NY: Congratulations on being a new mom! You went through surrogacy, and it was a deeply personal and intimate process. How did you navigate this journey and what advice would you give to other couples considering surrogacy as a family building option?

MM: We had a beautiful experience with surrogacy. It was everything and more than we could have imagined. We had a beautiful family that gave us the greatest gift in the world. I think for people who are on this journey, I just say go in with an open heart and allow for a natural connection with these people that are doing this for you. A lot of people can be fearful and make it transactional, and it doesn’t have to be. I think that you pick the people that you feel good with and have confidence that they want to do a great job, and that’s how I felt with my surrogate. Of course, I had some help from friends who had gone through the journey who I could lean on and ask, “Hey, should I worry about this?
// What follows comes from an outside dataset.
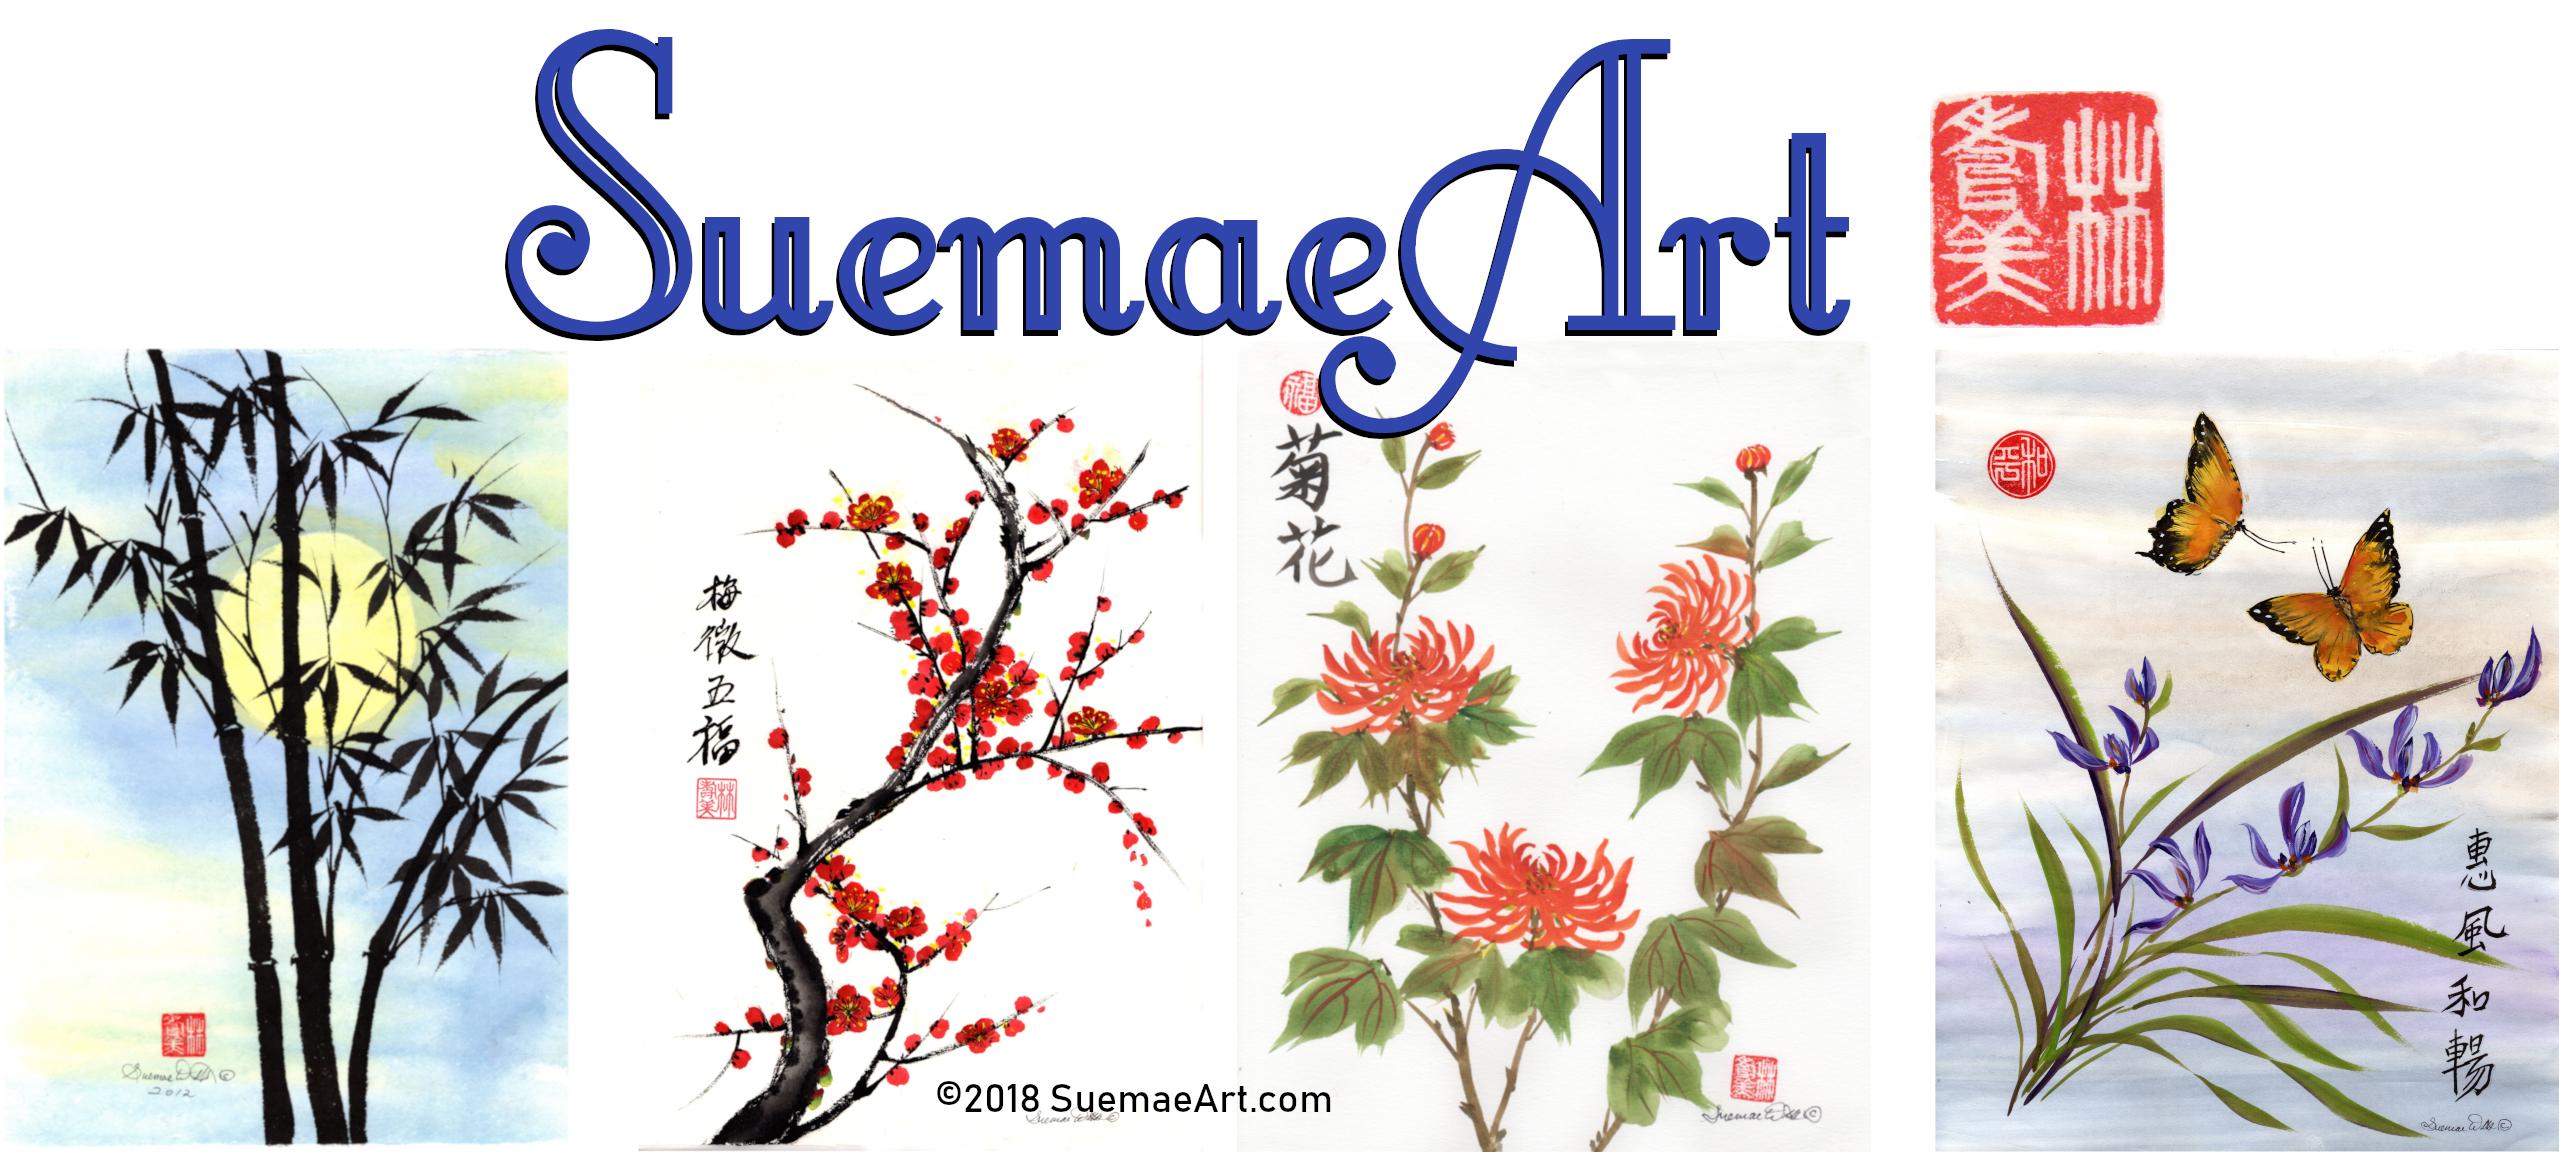 SuemaeArt channel art for WordPress

Should I worry about that?” At the end of the day, we just had a conversation where I figured out what was

important to me. I didn’t check up on her. You must give up some control. Surrender has been a big word in my life, and the more I’ve surrendered, the better I’ve felt, the less anxiety I’ve felt, and the better things have turned out. Things just work out so much better when you give up that control, and we have a beautiful daughter because of them.

NY: Tell us a little bit about her.

MM: Athena is my everything. She’s the love of my life, and we had the most beautiful birth, the most beautiful experience all around, and she’s everything. She’s brought so much joy to us. She’s made our home a home. I’ve lived there for 17 years, and I feel like I’ve always fled, and now I’m just anchored. I feel good. Wherever she is, I’m going to feel good. It’s exciting and it’s come at the right time. I feel like this time in my life I can be with her more than I would have if I had her younger, so I’m grateful for that.

NY: And one final question. What would you say to any couples out there considering surrogacy to provide encouragement and reassurance about this journey?

MM: I think if you’re looking to go the surrogate route, it can be magical. I think we all have to go different ways, and this way was amazing for us. Don’t give up!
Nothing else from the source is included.